As you say my friend:-)

- 5 years, 1 month ago

If those are static friction coefficients, then $a = 0$ is possible.
If these are kinetic friction coefficients, write the force balance for each block. I'm assuming the wedge is massless.
The centre of mass will move downwards only, so acceleration of the heavier block will be down the plane, and the lighter one will move up the plane.

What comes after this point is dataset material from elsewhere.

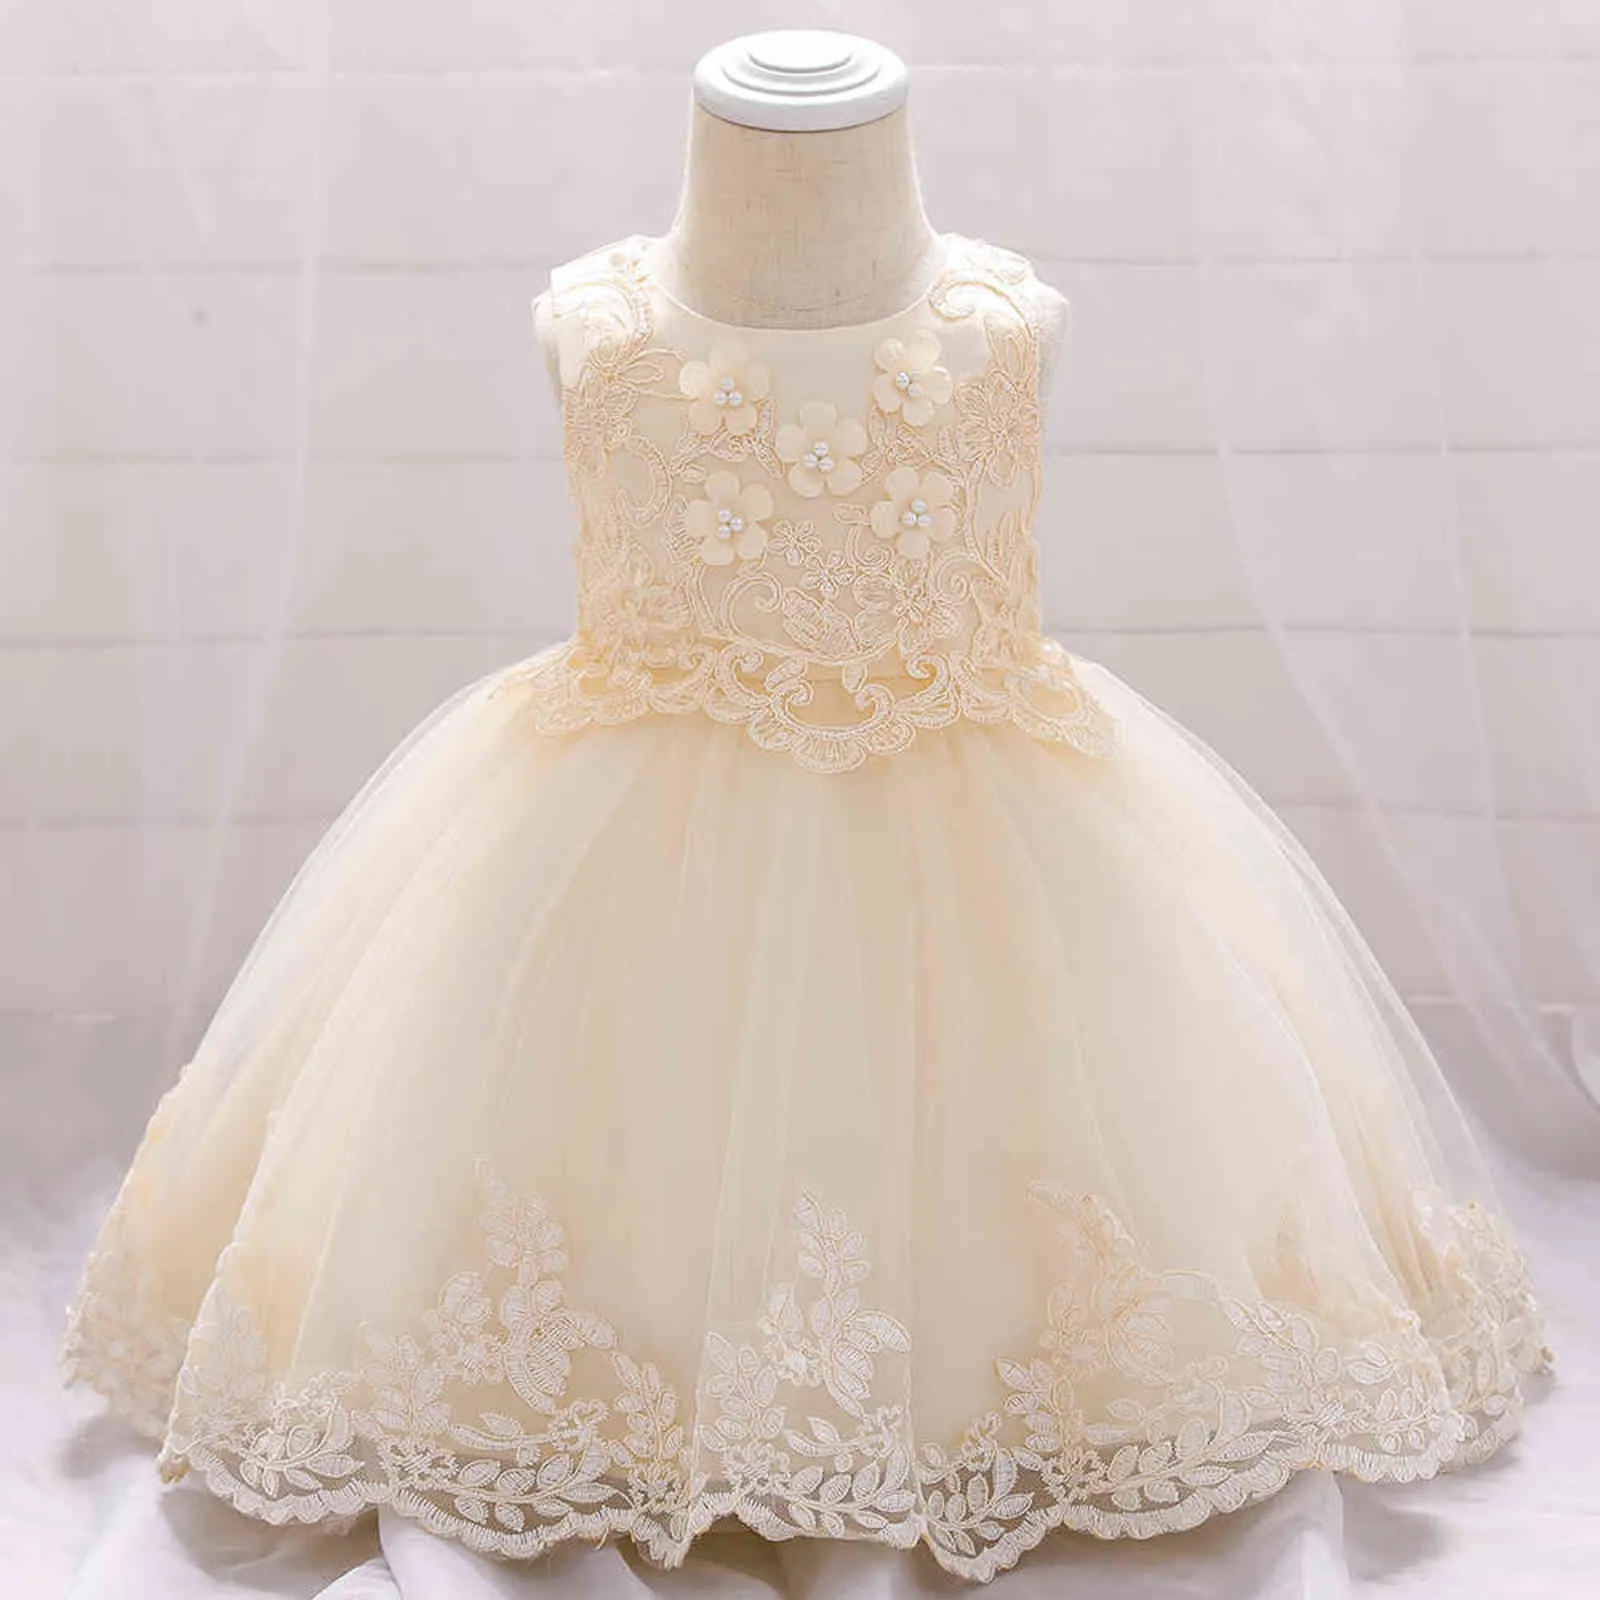 2021 Baby Mädchen Sommer Kleider Applikation Spitze Säuglingskleid Baby Mädchen Prinzessin Kleid Kleinkind Geburtstag Party Hochzeit Kleid Kleidung G1129

As the string does not extend/contract, these accelerations are same in magnitude.
Can you solve it from here?

- 5 years, 1 month ago

Right sir, thank you.!

- 5 years, 1 month ago

- 5 years, 1 month ago

Does that mean you won't post a solution? Please do! I need to understand it completely!

- 5 years, 1 month ago

Taking the 3kg block accelerating downwards $T-\mu mg\cos { \theta } -mg\sin { \theta } =ma\quad \quad \quad \quad \quad \quad \quad \quad \quad \left( 1 \right) \\ Mg\sin { \alpha } -\mu 'Mg\cos { \alpha } =Ma\quad \quad \quad \quad \quad \quad \quad \quad \quad \quad \left( 2 \right) \\ Adding\quad 1\quad and\quad 2\quad we\quad get\\ \left( M\sin { \alpha } -m\sin { \theta } \right) g-g\left( \mu 'M\cos { \alpha } +\mu m\cos { \theta } \right) =\left( M+m \right) a\\ \Rightarrow 18-16-4.8-4.8=5a\\ \Rightarrow a=-\frac { 7.2.2 }{ 5 } =-1.52m{ s }^{ -2 }\\ \\$ - sign means that the acceleration of the system is in opposite direction to that I have assumed here, i.e. 2kg block slides downward. However taking the other block(i.e. 2kg) accelerating downwards, $-18+16-4.8-4.8=5a\\ \Rightarrow a=-\frac { 11.6 }{ 5 } =-2.32m{ s }^{ -2 }\\$ As these results are contradictory, I think that the system wont accelerate. So a=0

- 5 years, 1 month ago

- 5 years, 1 month ago

@Swapnil Das ; a good problem for you & for the physics section, I hope ! :-)

- 5 years, 1 month ago

@Ashish Siva, @Deeparaj Bhat , @Abhay Tiwari , please comment!

- 5 years, 1 month ago

Sorry Rishabh, I am not good at this topic.

- 5 years, 1 month ago

Not a problem bro, Ur Perfect! Me2 not good at this.

- 5 years, 1 month ago

I am not sure but I guess the 3kg will pull with a Force of $F=g[(3 \space Sin (37°)-0.2×3 ×\space Cos(37°))\space - \space (2 \space Sin (53°)-0.4×2× \space Cos(53°))]=2.1481 \space kg \space ms^{-2}$, if $g=10 \space ms°^{-2}$

- 5 years, 1 month ago

I think the second half of the force is not needed, first half would be the force driving the $3kg$ block down & you also have to subtract tension from that!

- 5 years, 1 month ago

Ha ha. Let me see if somebody posts a solution. Maybe then I will understand.

- 5 years, 1 month ago

Ya right, I expect a good solution from @Swapnil Das or @Deeparaj Bhat , however, anyone is free to post a solution! :-)

- 5 years, 1 month ago

Hey does anyone know the answer? I got $\boxed{1.52 m/s^2}$

- 5 years, 1 month ago

Also according to my solution the 2 kg block moves up the slope @Rishabh Tiwari Do you know the correct answer ?

- 5 years, 1 month ago

I don't know the answer but here are the options:

(a) 2 (b) 0

(c) 2.32 (d) 1.8

- 5 years, 1 month ago